The reason is because the police are no longer interested to do anything to crack down on these crimes (they are too busy shooting civilians). Plus those who are victims are often unable to report these crimes to the police because the police stations are barricaded and civilians are not allowed to enter. Even if they were, locals are scared of being accused of being police informers if they are seen entering a police station.
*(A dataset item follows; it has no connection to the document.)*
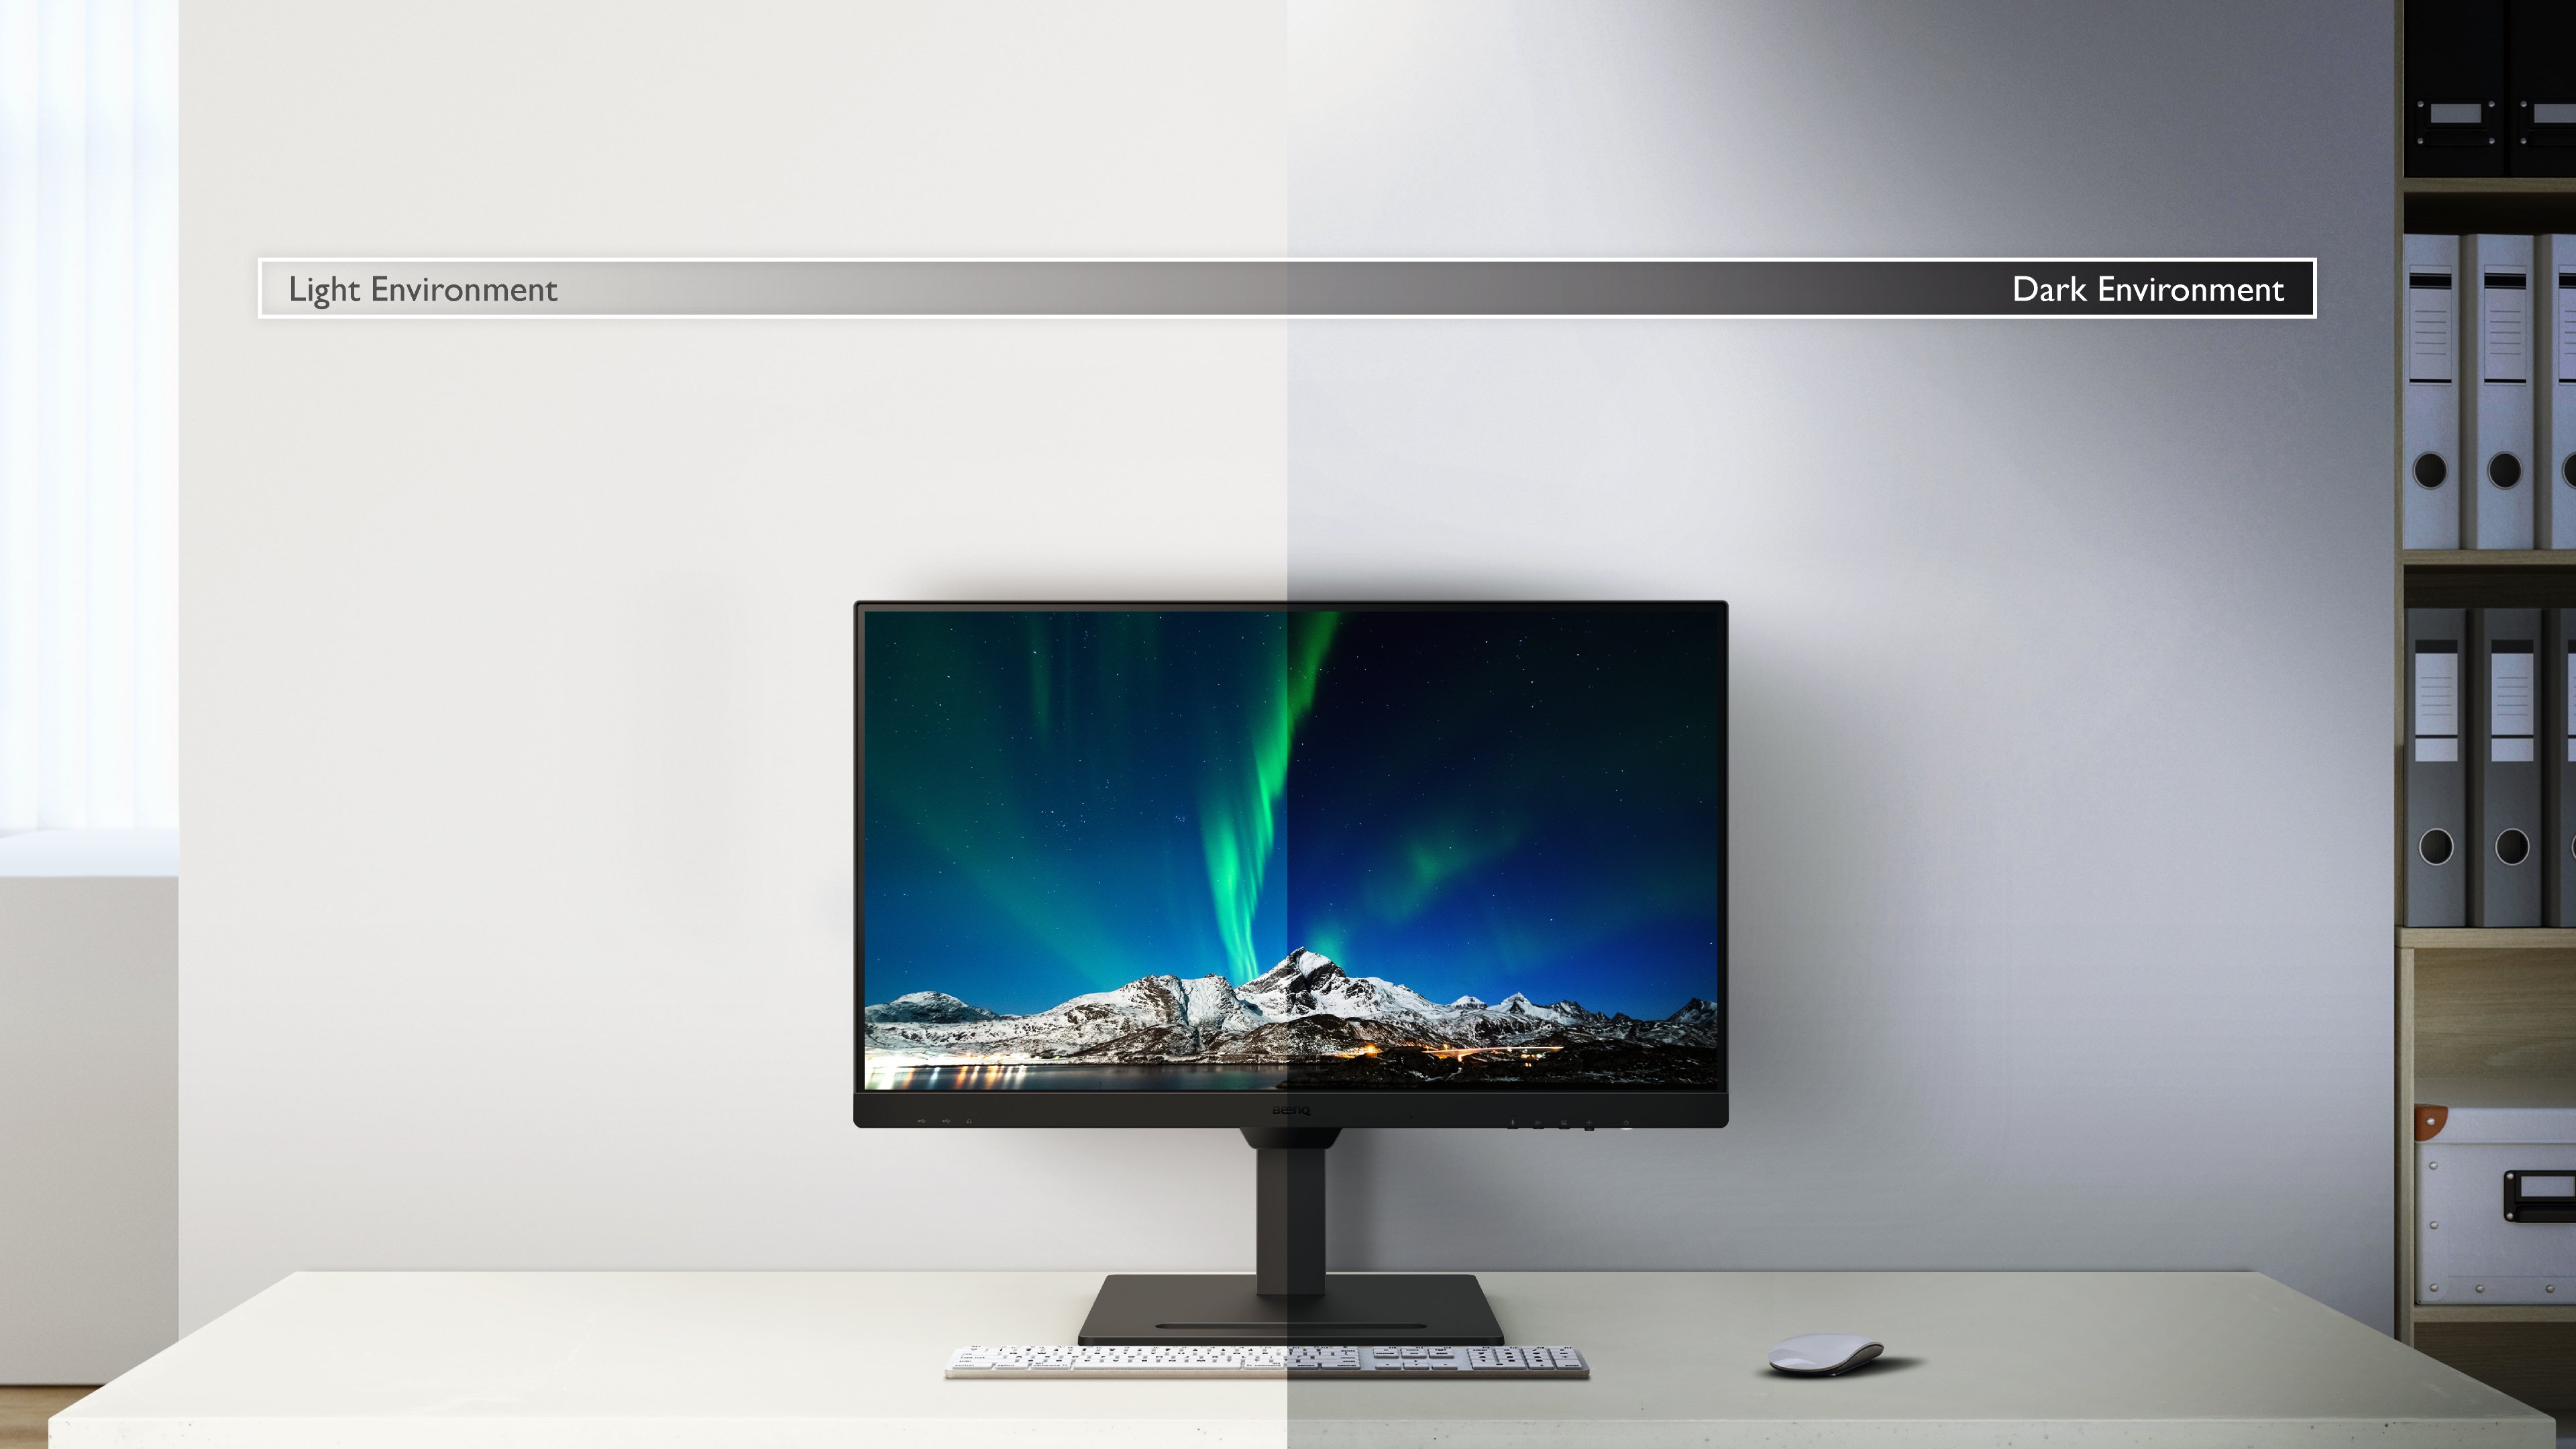 BenQ BL2790QT Brightness Intelligence actively adjusts screen brightness for comfortable viewing experiences and Brightness Intellignece Gen.2 allows customizable brightness.

This means that I need to be careful of muggings on the dark streets. The problem is of concern since the banking system is buggered and ATMs no longer work (as I found last September in Yangon). So I am paid in USD cash and therefore will end up with $24,000 cash or so by the time I fly to Bangkok to drop this money into my Thai bank account. Rather than carrying thousands of USD when I go out on the streets, it seems a better idea to hide the money in my hotel room. (Never trust hotel room safes - the hotel staff know how to open them!). So hide the money in 'clear view'.
This plan should work, unless the hotel staff/burglar is aware that I am a useless teacher and would never buy a dictionary, so why do I have a dictionary in my room?!
Now speaking of dictionaries, I must repeat a hilarious extract from a Teakdoor post that I made in 2012, in case it was missed:
Some interesting events from last night - the following are true events, no porkies.
The following day (Thursday) is a public holiday in Myanmar - something to do with the full moon of the 14th Waso. Burmese measure time/months in Wasos.
So I decided not to go to bed early as is my norm, but to venture out to the cattle show at the ungodly hour of 9pm, (the bar/restaurant closes at 11.30pm).
On my previous visit, the food and drink was good enough, and the few girls who paraded on stage were pleasing to the eye.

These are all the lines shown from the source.